We have put together a committee of about 20 advisors, most of whom are somewhat younger and are more interested in having this platform available to their clients. We are continuing to figure out exactly how they would use it and what they would want, so we can complete the final pieces of it and make it available for clients.
For example, what many advisors want is [that] the client can go in, look at everything. They could make trades, but before that trade went through, the advisor would look at it and say, ‘Yes,’ and push a button in order to [complete the trade]. The client will know that the advisor’s going to take a look before it happens and the trades might be delayed. It’s not designed for someone else who wants to trade actively.
We know that even today, and certainly 10 years from now, the client with $20 million isn’t going to do business with you if you don’t have a pretty sophisticated interface that looks a little bit more like a Betterment, combined with the stuff we already have. It’s really a question of building what the advisors want and that’s what we’re doing.
Dolber: You sometimes have to step out and say, ‘What is the advisor going to need?’ You’ve got to look forward. I do believe I see some changes in there. We built our platforms so that it doesn’t make a difference where the asset’s held.
[Advisors will] plug into the network, be able to illustrate, propose, model, bill, execute [and] invoice, end to end. ‘You want to be in my network? Yeah, you can put your products in my network.’
The challenge, of course, is to calculate where you make your money with that, but first things first. You can’t have a network without having a client portal. I don’t mean what most broker-dealers have right now where a client can go to the broker-dealer’s site, and they can log in to Albridge, log in to Morningstar. I’m talking about a real client portal, which the banks have. The client portal that TD [Ameritrade] has because they deal directly with the public.
The independent broker-dealer has not really built true handshake portals with the client, where the client is logging in the way a broker logs in to a portal, and then being directed to services, and they see things in a unified, secure way.
Schwartz: Historically, it wasn’t done because it was the rep’s client; [they] didn’t want them dealing directly with us. The rep would say, ‘Why are you selling him services that I don’t even know why you’re selling them to them?’
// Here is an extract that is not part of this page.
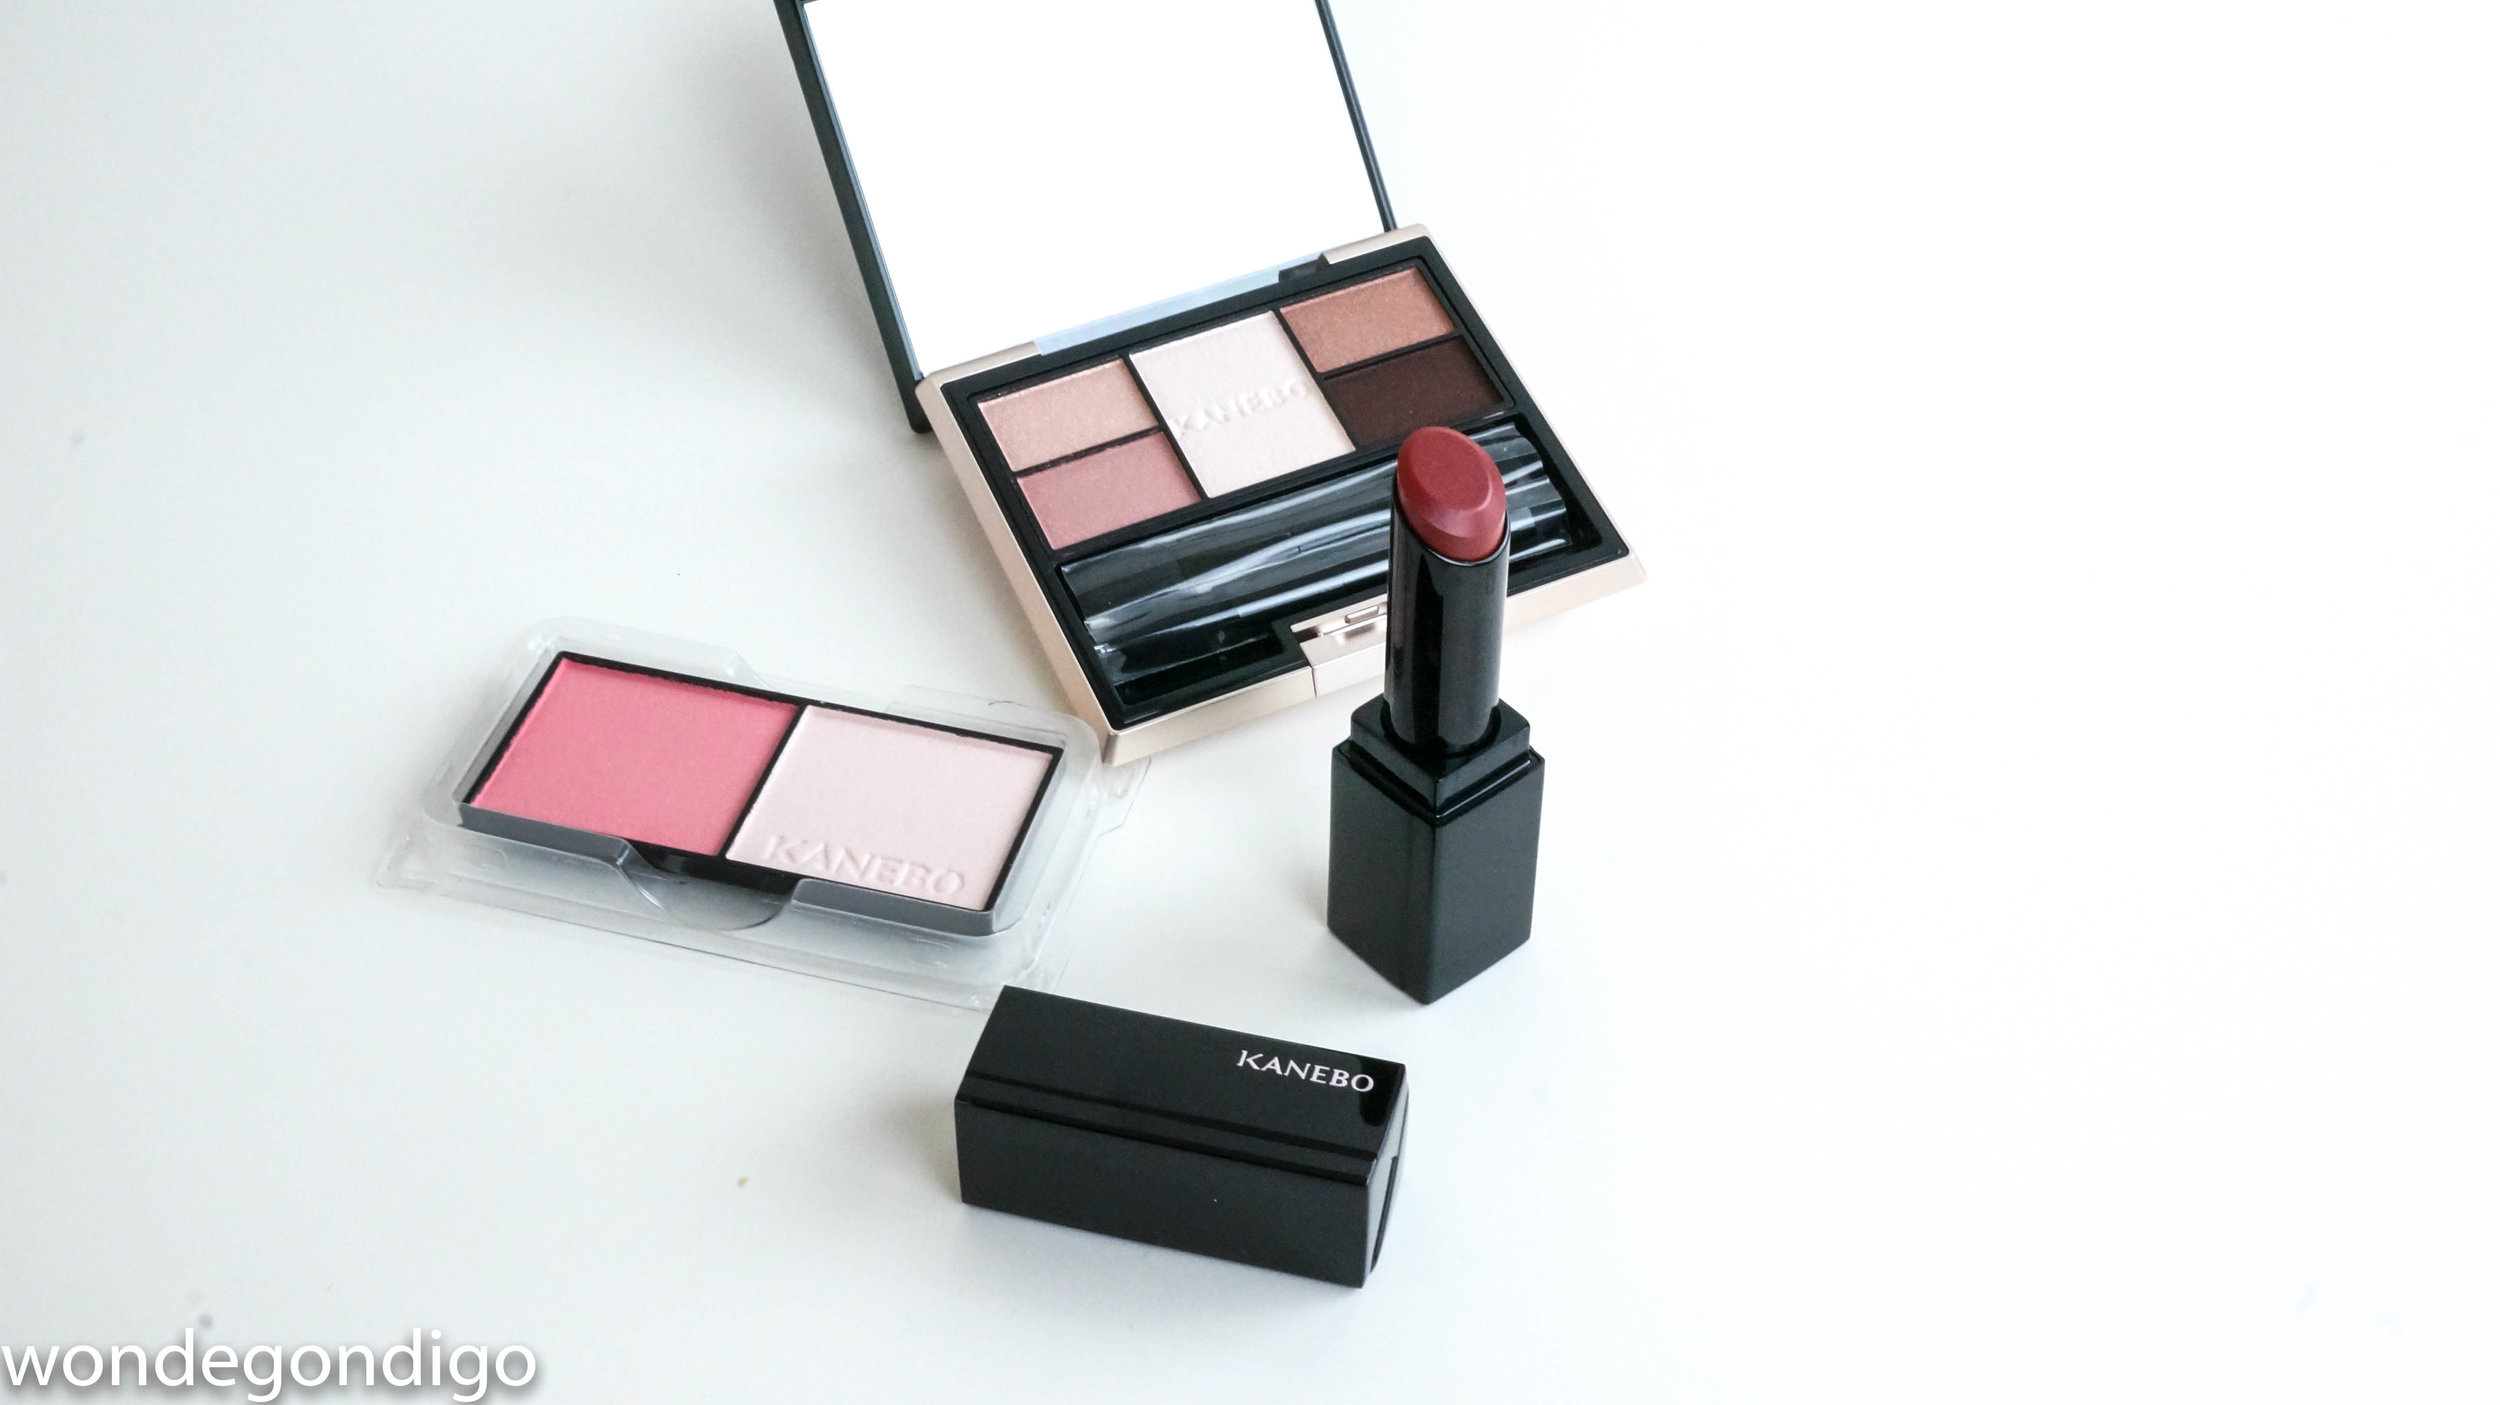 Kanebo! Variant Brosse (Cheeks) in 02 Pink Petal, Selection Colors Eyeshadow in 03 Gently Pink, and Moisture Rouge 06 Deep Red

Obviously, with a robo client portal, that’s why we’re trying to figure out with the advisors how they stay in the loop, so nothing happens without them being aware of it. It’s a value-add to them, not a competition.
DeVito: What’s going to allow JP [Morgan] or any other firm [to give] you access to their accounts when there’s a rep on that side? What about the regulatory side of it where you need to be registered to do it? Unless you’re going to go completely RIA, and then they’re just a trusted advisor on that side of the business only. Right now there’s too many things in your way to do that.
Dolber: It’s going to take some regulatory change. I’ll give an example: Your medical records. Every time I go to the doctor they make me fill out another bloody thing. I’m saying, ‘Don’t you have this stuff online?’ HIPAA rules have to be changed.
That’s why you have Yodlee and CashEdge because the only way you can get that data is by having the institution for the advisor log in as the client and screen scrape the data.
DeVito: Not only will [you need] regulatory change, you’re going to need regulatory complete reversal and change.
Green: In what way?
DeVito: They’re adding more regulations for our own clients, so they’re tightening up all the regulations for what you have control over. Imagine them now saying [I have] to give up control of that asset theoretically to a trusted advisor who’s not with you. Why would I take the risk when I have my advisor already in it? Who’s going to be the supervisor? Who’s going to be the DOL?
Dolber: Where the asset is held is immaterial.